| dc.description.abstract | In steel structure engineering, using bolts to connect steel components is a common method that ensures a secure connection between structural elements. However, due to natural or human factors such as climate, external forces, and earthquakes, bolts may experience defects such as loosening or detachment, leading to a decrease in the safety of steel structures. Currently, bolt inspection work is mostly performed by inspectors manually checking for loosening by using rubber hammers and other tools. These inspection tasks are labor-intensive, time-consuming, and may involve safety risks or difficulties in inspection.
To address this, this study combines the concept of Tiny Machine Learning with microcontrollers to develop a lightweight real-time multi-target bolt defect image detection system for climbing inspection robots. This system is used to detect the defect patterns of bolts, which are categorized into "Normal," "Loosen," and "Miss." The Faster Objects, More Objects (FOMO) algorithm is used for the visual detection task, and the trained model is deployed in the visual detection module, combined with a magnetic climbing robot for actual bolt inspection tests.
The trained model achieved an F1 score of 74.8% on the validation set and an F1 score of 72.9% on the test set, while the quantized model deployed on the microcontroller achieved an F1 score of 72.4% on the validation set. In actual outdoor box beam tests, the best-case achieved precision and recall rates of 89% and 82%, respectively, while the worst-case achieved 57% and 67%. The average precision and recall rates for all cases were 77% and 76%, respectively.

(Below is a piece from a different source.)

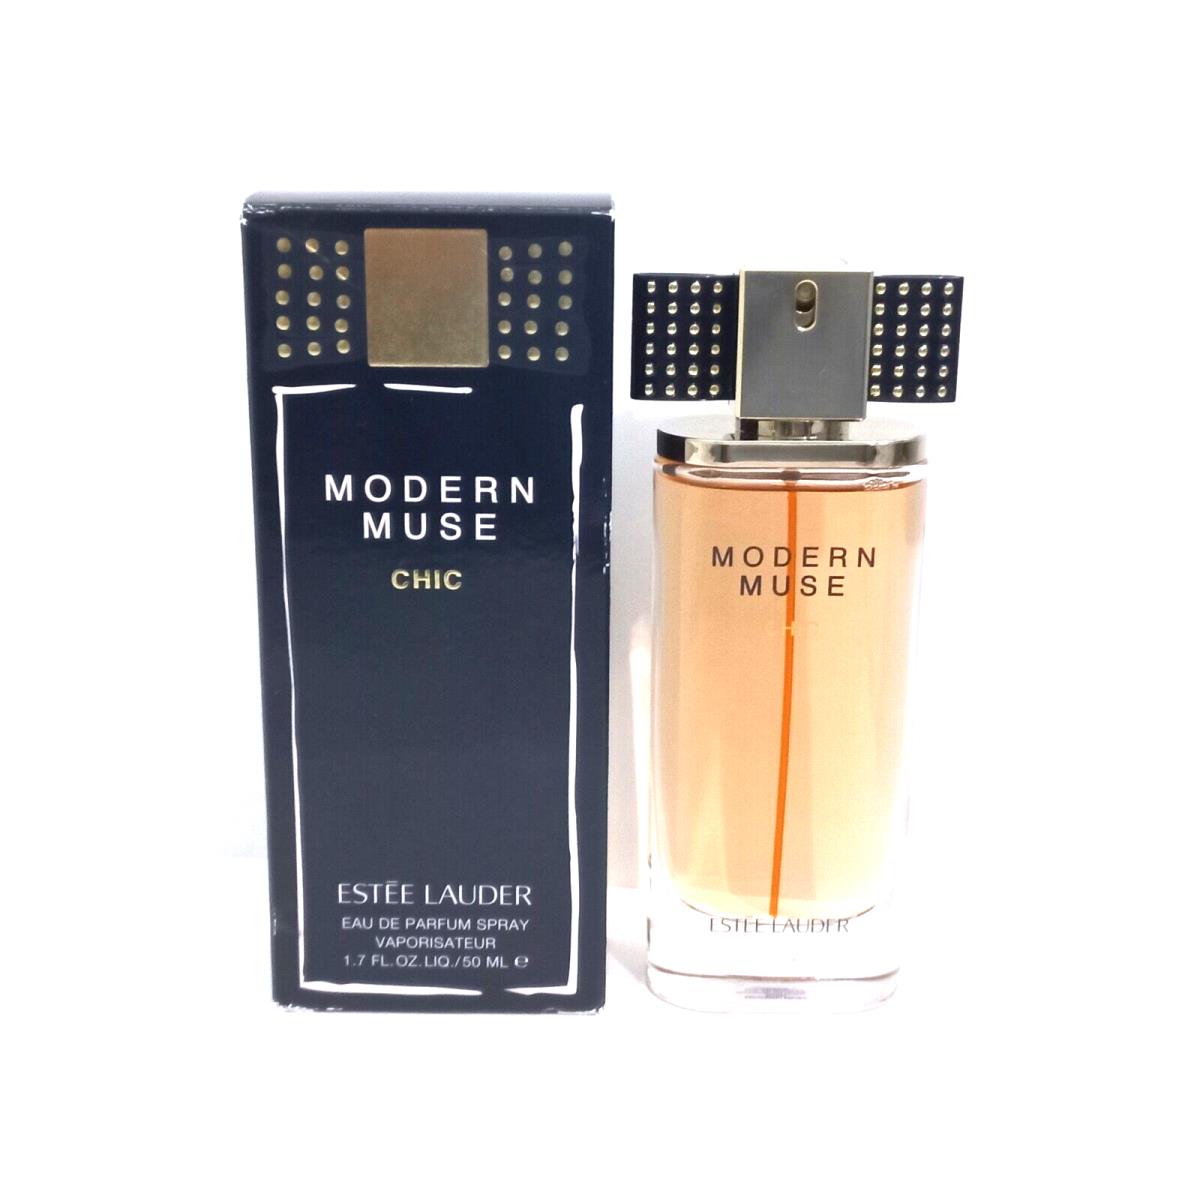 Modern Muse Chic By Estee Lauder Eau de Parfum Spray For Women 1. 7 fl oz
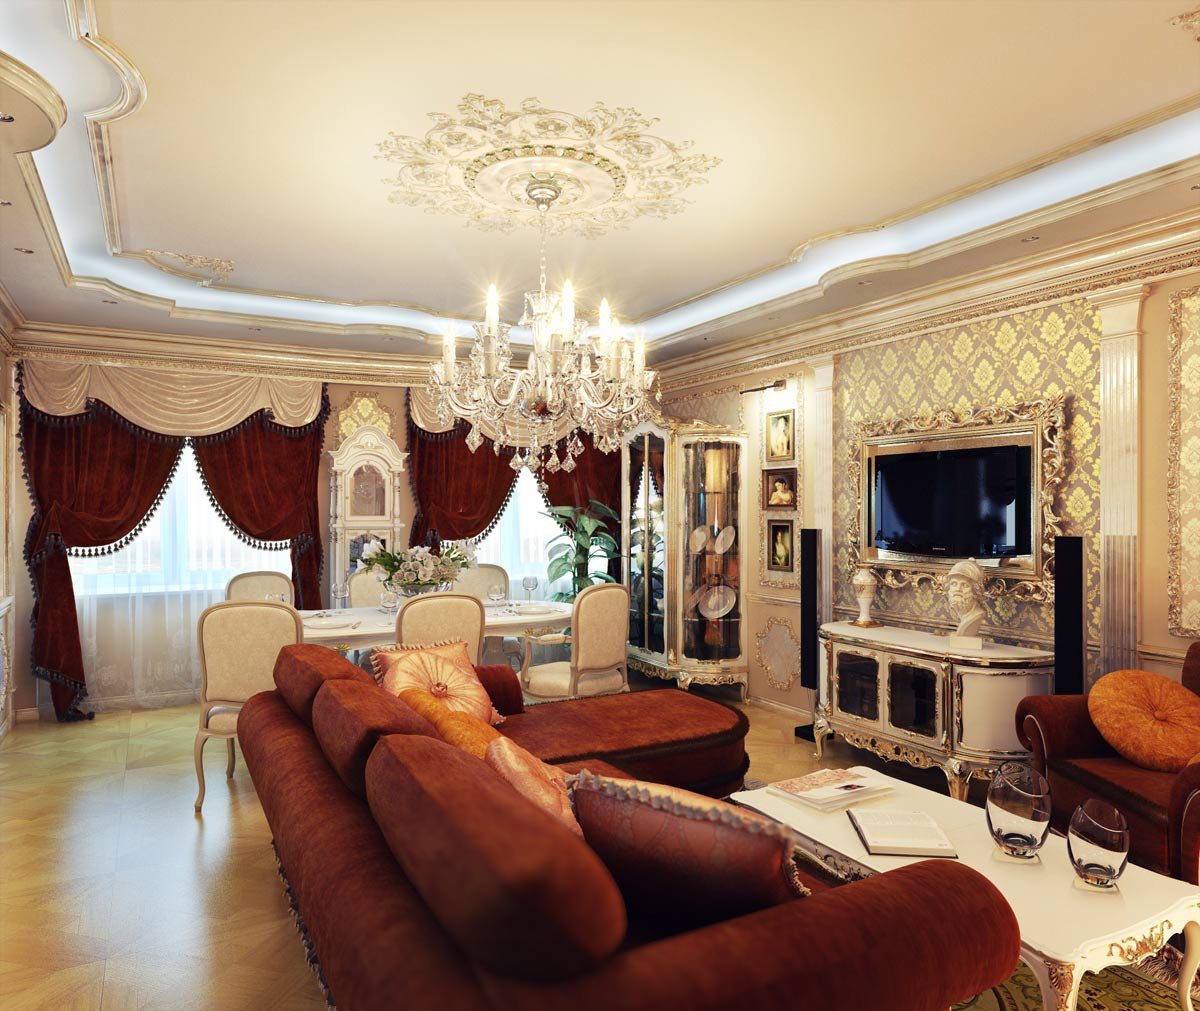 Декоративная отделка потолка плюс подсветка и лепнина вокруг люстры есть отличным украшением интерьера гостиной

The defect detection system can provide real-time feedback on the bolt recognition results, allowing inspectors to remotely control the device for inspection tasks. The entire system is lightweight, low-energy consuming, and can be configured on different carriers for inspection tasks. In the future, bolt defect detection is expected to become easier and reduce manpower requirements. The overall instrument cost for inspection work can be reduced, and the goals of lightweight and high-speed detection are pursued in future bolt inspection tasks. | en_US |